Was the Panzer III the most widely used tank by the Germans during World War II, or was its production at the same level as the Panzer IV or Panzer V?
“Panzer” version or “Panzer III chassis”? Due to its size, the Panzer III was not the most produced German tank. However, if you include the Panzer III chassis (StuG III), it was the most produced chassis.
Initially, the Panzer II, with its 20 mm cannon, was the backbone. The Panzer I was equipped only with machine guns. Both were relatively easy to destroy.
The Panzer III with 3.7 cm cannon was designed as a tank killer.
In Africa, the Panzer III was even equipped with a long-barreled 5 cm L60. The British called it the “Panzer III Special.”
The Panzer IV with the short-barreled 75 mm L24 (below) was intended solely as a bunker buster. Anti-tank shells are hard objects that penetrate armor plate. Bunker buster/anti-infantry shells are designed to achieve a greater impact area through explosions.

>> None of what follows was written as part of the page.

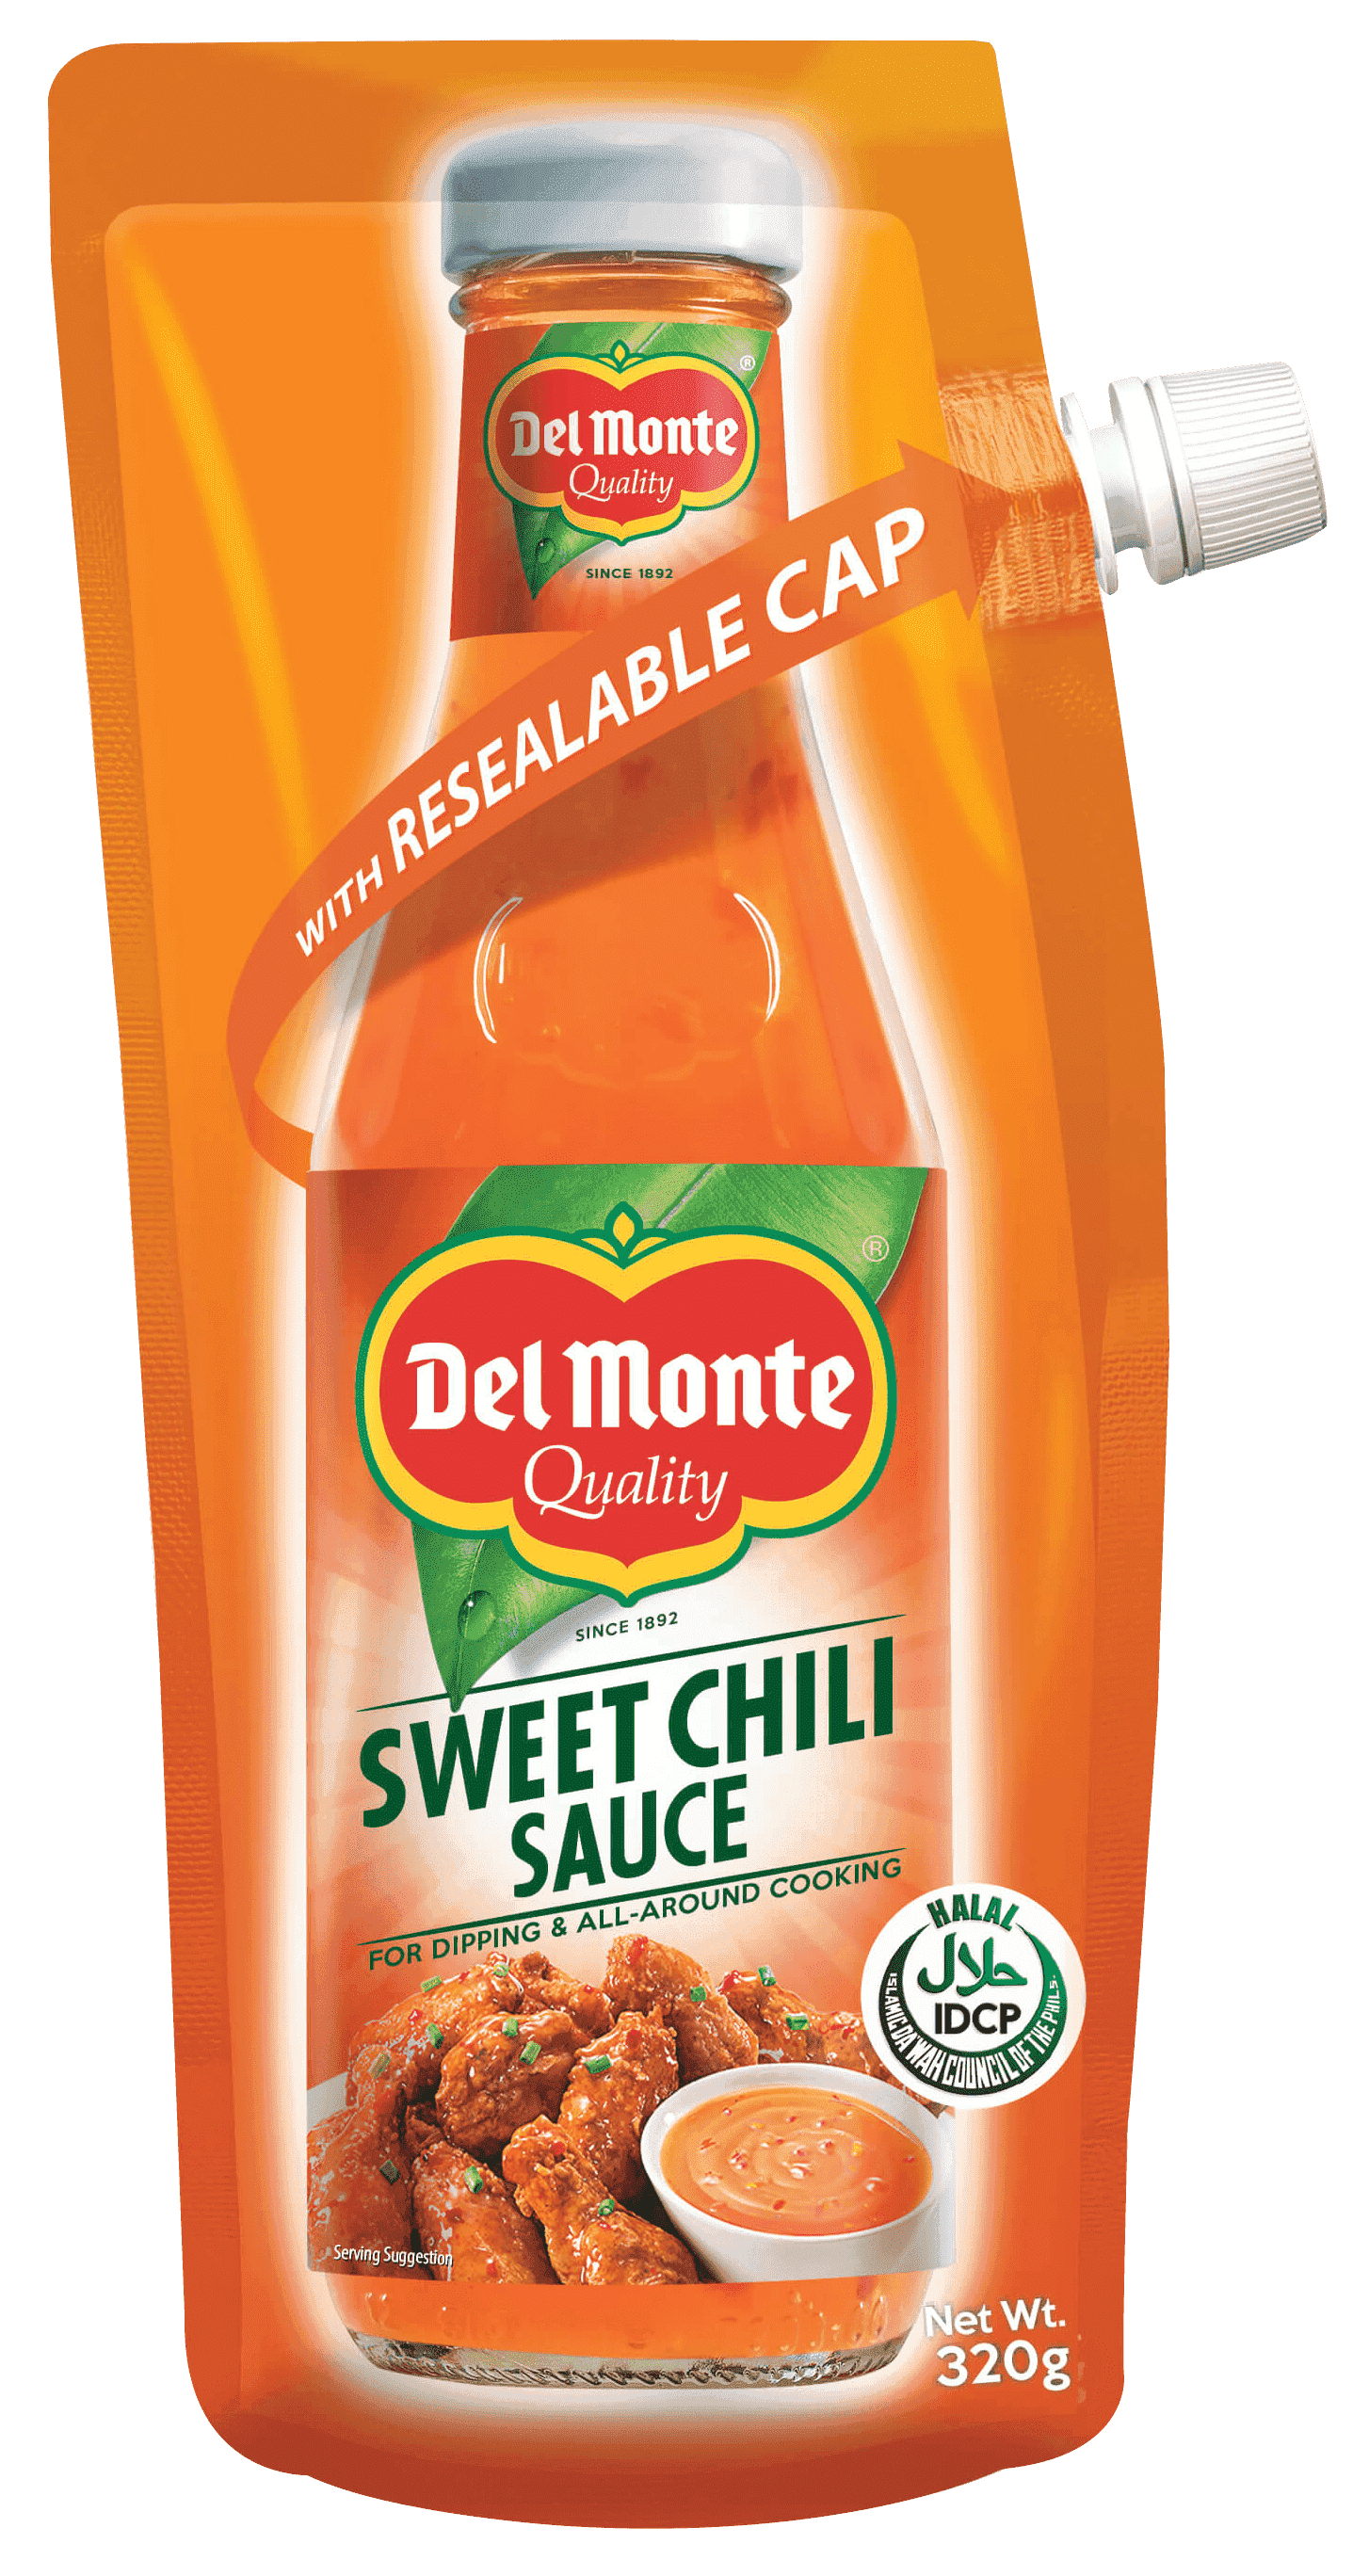 Del Monte Sweet Chili Sauce

A larger 75 mm HE shell can contain more than twice the explosive of a 50 mm shell.
When the Germans encountered the T-34, the Panzer III seemed useless as a tank (although the chassis wasn’t). The T-34 had a long-barreled 76mm gun that could destroy anything the Germans had.
German guns were ineffective, especially the wheeled 37mm Pak 36 or the Panzer III. They could destroy the T34 from the side at very close range (about 100 meters). From the front, they were a “door knocker.”
While 5 cm guns like the Pak 38 (see below) or the Panzer III with its improved armament were better tank killers than the 3.7 cm gun, they were ineffective against monsters like the KV1 and KV2. (They could penetrate the KV1 with only tungsten shells at about 500 meters. The Panzer III, on the other hand, would have been destroyed long before reaching that distance.)
Obviously, something more powerful was needed. But the Panzer III’s turret ring (i.e., the chassis width) wasn’t large enough to mount a long-barreled 75 mm gun.
Because of the larger breech size, they could only mount it on the Panzer IV, which had a larger, wider chassis.
This meant that the Panzer III was useless…
Or was that it?
The Germans had already fielded dozens of StuG IIIs during the invasion of France. The idea came from General Erich von Manstein. Artillery was designed to destroy bunkers, and he considered it a more suitable nutcracker than wheeled guns. It had thick frontal armor, allowing it to blast a fortified position with an HE shell. However, General Heinz Guderian (later Chief of the Army General Staff) did not consider this necessary, as the Panzer IV was equipped with exactly the same gun.
It uses the chassis of the Panzer III. Although not a tank in the true sense, the StuG was one of the few vehicles heavily armored and low enough to bypass and disable the T-34. When the longer 75 mm L43 gun became available, only the Panzer IV and StuG III could mount it. This gun could penetrate 82 mm thick, 30-degree sloped armor at 1,000 m. Hunting the T-34 at long range became possible.
Below is a scale model showing the length of the 75 mm gun. On the Panzer IV, three men and the breechblock could be accommodated in one turret. However, on the Panzer III chassis, this was the only way to accommodate them.
And it was cheap, too. For the price of one Panther (175,000 RM), they could produce two StuG IIIs (82,000 RM each) and still have some spare cash.
Later, the slightly more powerful (longer) 75 mm L48 cannon became the main component of the StuG III, just as it was in the Panzer IV.
In the end, 8,500 Panzer IVs and 6,000 Panthers were built. In comparison, 5,700 Panzer IIIs weren’t much.
However, if you add 10,000 StuGs and 1,300 StuHs (105 mm howitzer versions), a total of 17,000 Panzer III chassis would be the most produced tank chassis in Germany. That’s more than the Panzer IV, Panther, and 1,800 Tiger I & II combined. Essentially, more than all other German tanks of the late war years combined (excluding light tanks like the Panzer I, II, and 38(t)).